Experimental results for all the methods are summarized in Table 2. Overall, Sensei outperforms all the compared methods significantly, attributed to its strategy of complementing the language model with a self-supervised ensemble classifier. Besides the variants of Sensei, the baseline Delimiter, though simple, has achieved the second best performance among all others methods. On average, Delimiter achieves $33.81\%$ in F₁ across all the buildings. By contrast, our Sensei achieves over $80\%$ in F₁, which demonstrates a $49$ -point improvement over Delimiter.

When looking at the F₁ scores of the other baselines, including ToPMine, BayesSeg, and the off-the-shelf tokenizers in NLTK, Stanza, and CoreNLP, they are not competitive; this highlights the need of a solution to our challenging problem.

The performance of Delimiter also confirms the fact that the semantics of these delimiters are mixed. If one recalls the examples in Table 1, vendors usually use delimiters in sensor names. Sometimes, these delimiters well indicate the segment boundaries. However, as we illustrated in the example sensor name “SOD $|$ H1 $|$ ______ $|$ L_L”, punctuation could be also used within the segment, and therefore simply segmenting at delimiters results in a considerable amount of false positives.
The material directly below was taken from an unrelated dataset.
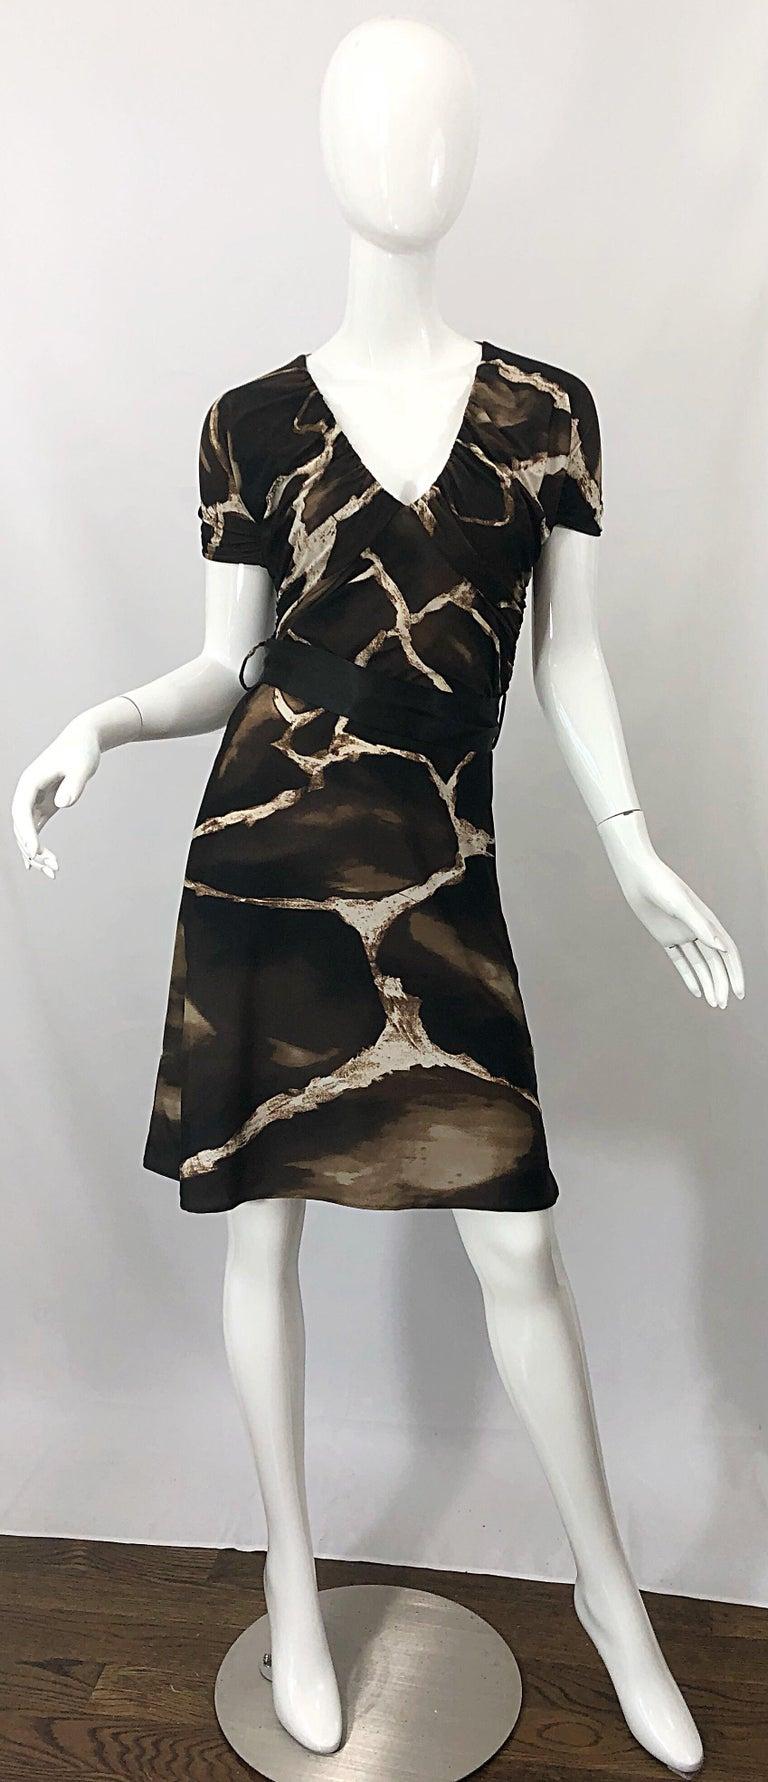 1980s Roberto Cavalli for Neiman Marcus Giraffe Print Vintage 80s Jersey Dress For Sale 9
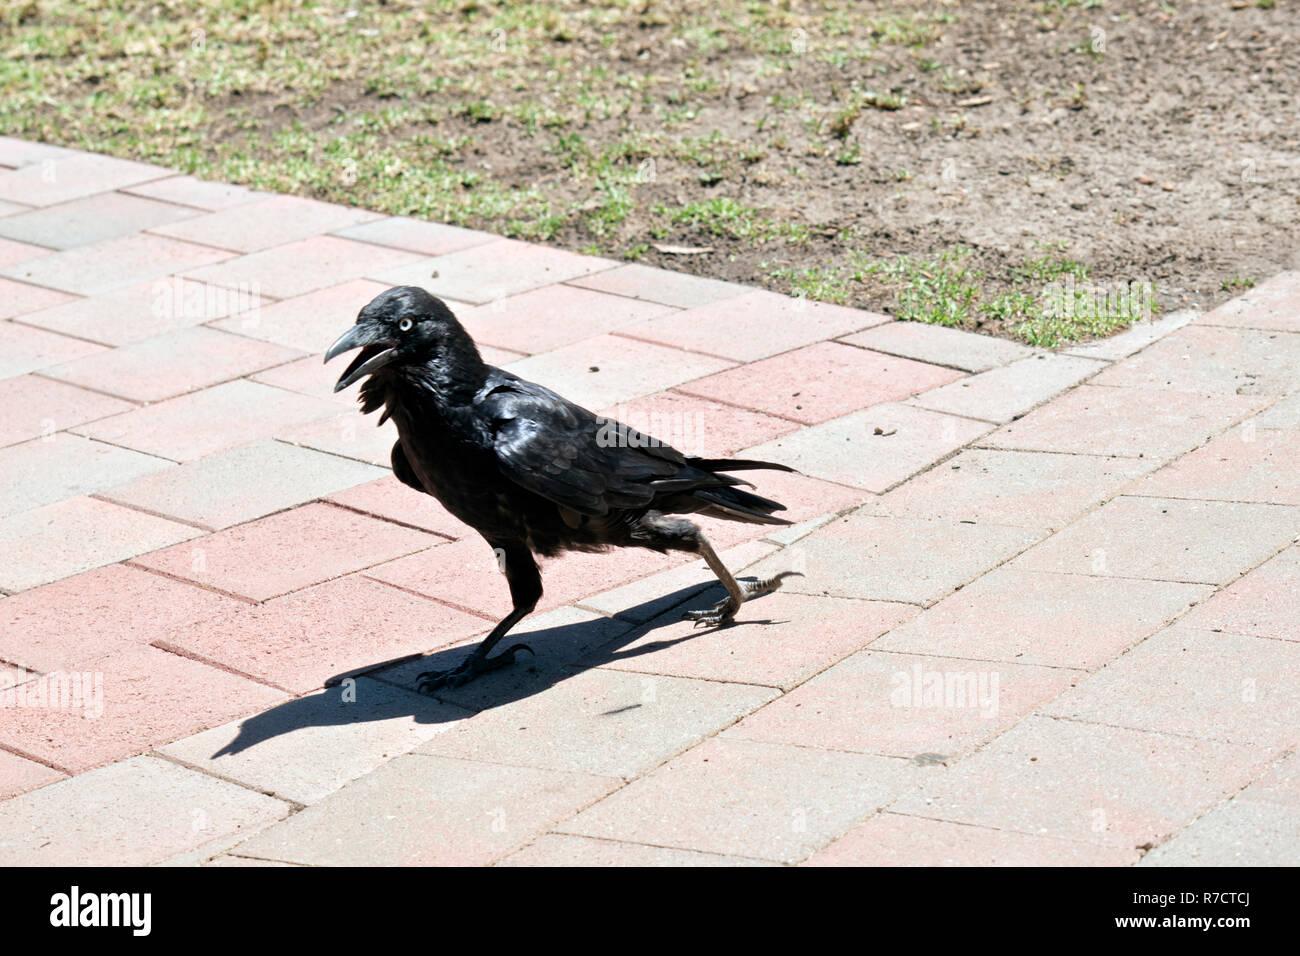 the Australian raven is walking on a brick path - Stock Image

From Sensei-FW to Sensei, there is a significant boost, roughly 27 points in F₁ on average. Since the major difference between Sensei and Sensei-FW is our self-supervised ensemble learning module, we empirically verified its power.

Comparing Sensei-FW and Sensei-BW, one can observe that the forward version performs dramatically better. As shown in Table 2, Sensei-FW performs better than Delimiter, ToPMine, and all the pre-trained tokenizers in all cases. By contrast, Sensei-BW takes the reversed sensor names as input but performs much worse than Sensei-FW. We notice that this is because there are not sufficient variations in the sensor string patterns when being looked at backward, compared to the forward case. For example, there are names like “SODA4R731__ASO” and “SODA1R516__VAV”, and the Sensei-FW model can see various substrings (e.g., “ASO” and “VAV”) following the common pattern “SODA0R000__”. Variations as such provide enough information for the model to learn where to segment. However, when reversed, the above example becomes “OSA__000R0ADOS” and the prefix “OSA” sees no variations following, which makes it nearly impossible for Sensei-BW to figure out the right segmentation. Consequently, Sensei-FW better captures generative patterns while Sensei-BW achieves poor segmentation results.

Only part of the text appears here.